Let's try another analogy. Alice and Bob are degenerate gamblers who bet on a coin flip together exactly once per day. Alice always selects heads and Bob always selects tails. They've been playing for ten years.
Claire is friends with Bob, and she suspects that Alice has been cheating for the last 100 days with an unfair coin that flips heads more often than it should. She tells Bob, and Bob responds that he's certain Alice isn't cheating. Sure, the coin came up heads 95 of the previous 100 days, but that's just variance!
Can Claire prove to Bob that Alice is probably cheating? Does she need to flip a separate coin and compare notes?
This is an attempt at a false equivalence. You can name all possible outcomes of a coin, you can not name all possible outcomes of a climate. See chaos theory for more on that regard.
The logic is precisely the same whether we're talking about coins or climates.
Tweak the analogy. Imagine that Alice and Bob use a random number generator instead of a coin. Let's say it generates a random decimal number between 0 and 1. There are infinite end states, and they're completely unpredictable from the initial conditions. If Alice cheats and tweaks the number generator to generate her numbers 90% of the time, Bob can detect that the generator is biased, analytically, by recording the proportions of the end states and comparing that to the likelihood of those proportions being truly random. Bob can then quantify exactly how certain or uncertain he is that the number generator is biased.
Or go with the original. The final position of a coin spinning through air is chaotic (
or at least approximately so). I can still use probability and statistics to detect an unfair coin by recording and analyzing the proportions of its outcomes. There are many more possible 'outcomes' for a climate than for a coin, but I can still record and analyze their proportions.
The motion of a pinball in a pinball machine is chaotic. One could still detect a tilted machine by recording and analyzing a sufficient number of end states of the pinball.
All of that said, I'm not sure why you think the climate is a chaotic system. That's definitely not a given. Weather is chaotic, but that doesn't necessitate that averages of those systems are. See 'attractors' for more on that regard. But you know all about chaos theory, so I don't have to tell you that.
From where I sit, climate is very predictable. It's so predictable that I could buy a plot of land grow the same kind of plant in it every single year for the rest of my life. Year in and year out I could reasonably predict how hot/cold it will be, when, and with how much variation. Lots of people have been doing this very thing for...well, years now I think.
So imagine that it's 1000 coin flips instead of 100. No, make it 10,000. 1,000,000? Since it's a fictitious analogy, you can pretend there are as many trials as you'd like to. Next, pretend that 95% of those flips come up heads. Welcome to the point.
If you have a point to make, just make it - you will find that people will be much more receptive of your message if you actually send it. So far, you're arguing against your own premise, and doing a supreme job at it.

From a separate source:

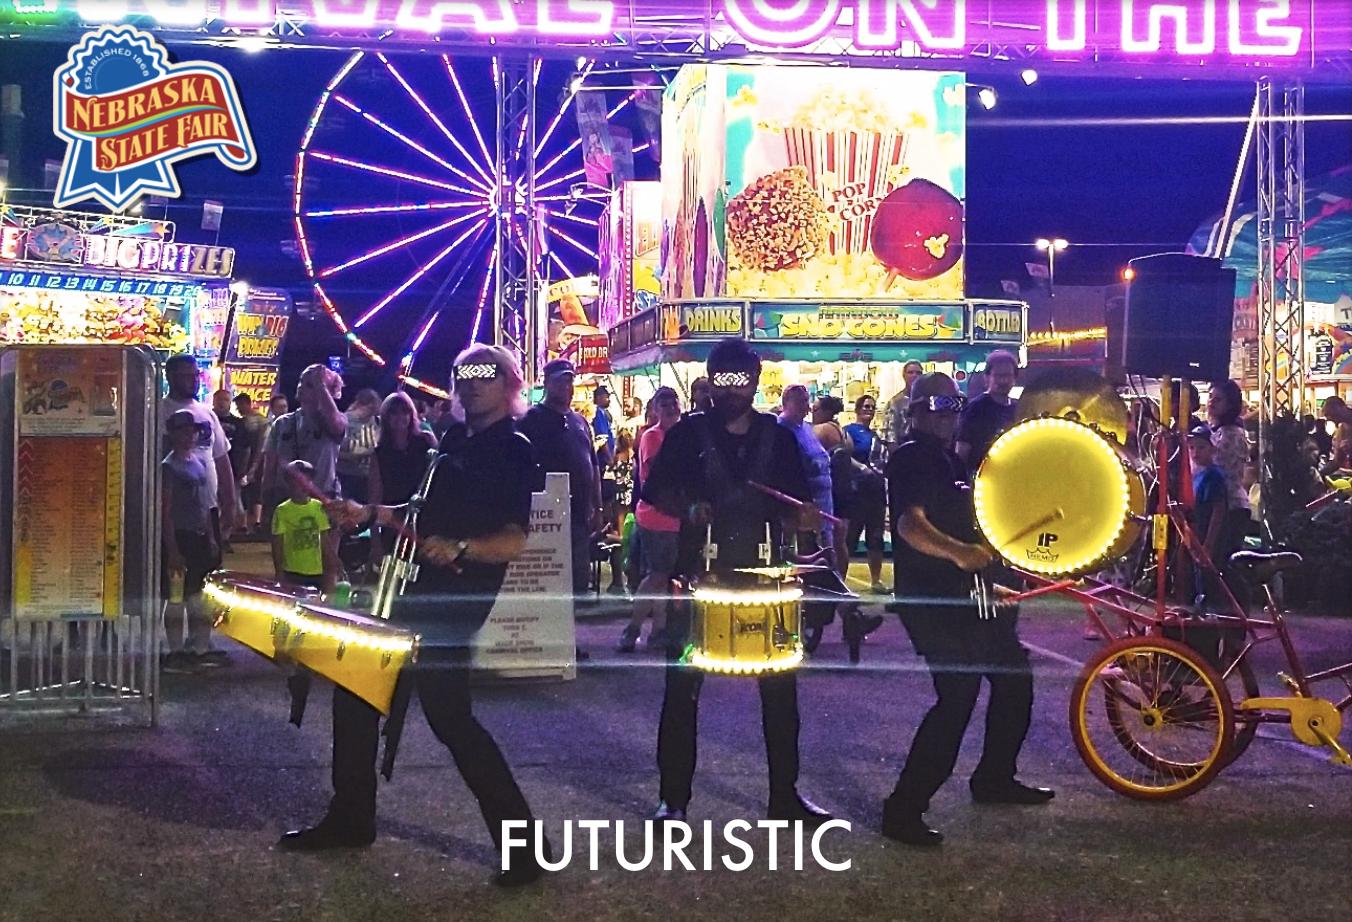 Fair Futuristic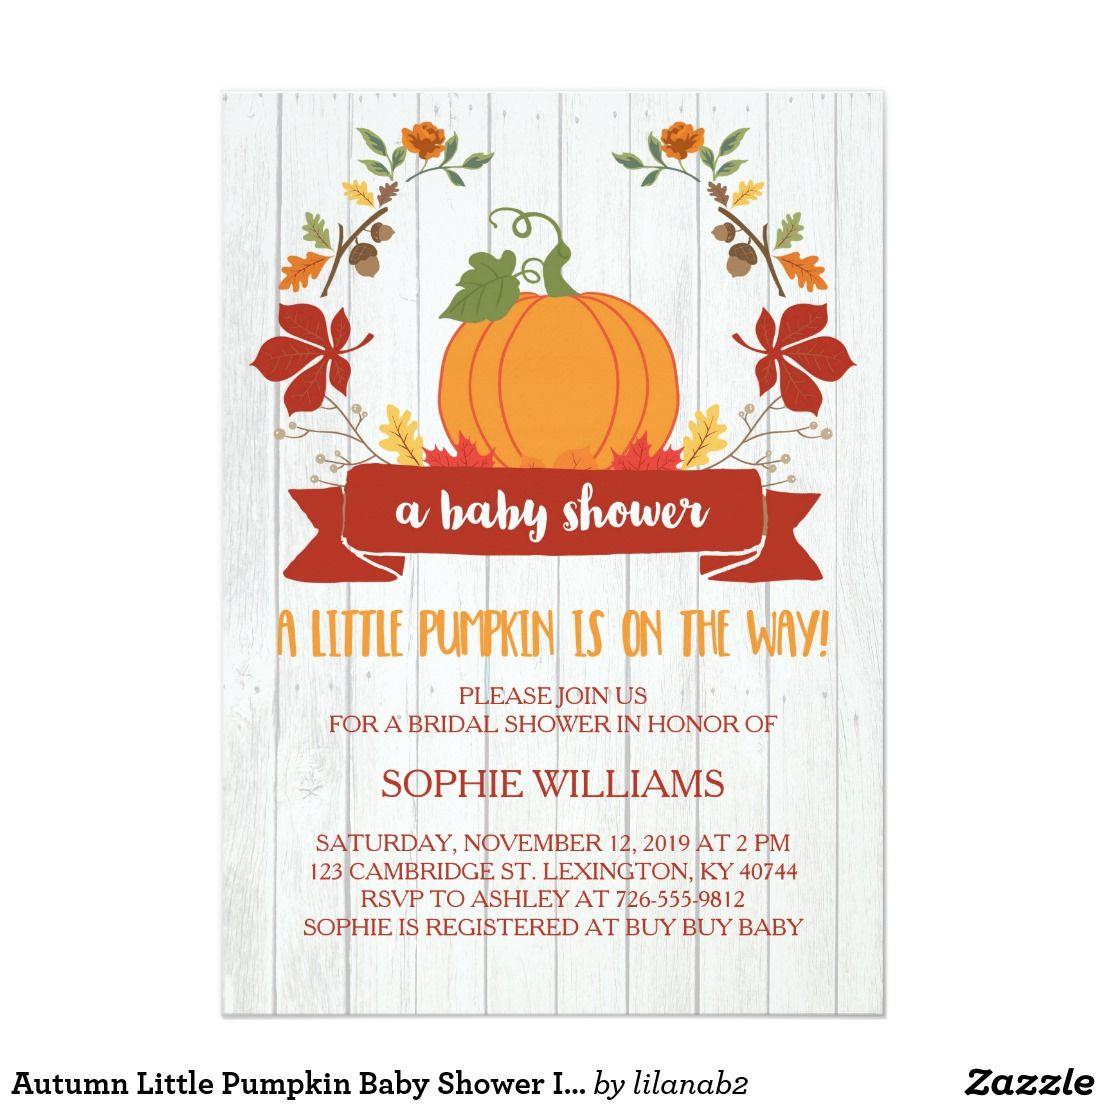 Autumn Little Pumpkin Baby Shower Invitation | Light wood texture ...

The downside of that is that it leaves me confused and doesn't give me much to be smug about, since you've already done it all to yourself.
I made my point very clearly.
You said my sample size was laughable. I said it was a made up, fictitious sample size for a fictional analogy, so go nuts imagining whatever sample size you like. The imaginary sample size is not the point. The point was to imagine a coin that is obviously biased: it comes up heads 95% of the time.
Then I went on to explain in detail how you are wrong anyway. 100 coin flips is more than sufficient to rule out as fair a coin that is biased to land heads 95% of the time. I even linked sources supporting my claim.You chose to ignore that and omit it from your quote as if I never said it, as usual. You didn't say anything of substance about it or the part you actually did quote. You're just making incredibly ironic quips about me not responding to you. Look at your post. Where is the substantive argument? Highlight for me the sentence that you wrote that makes a point of any kind.
I'll respond to any sentences you write that are arguments of some substance directly related to my point. The rest of it is boring.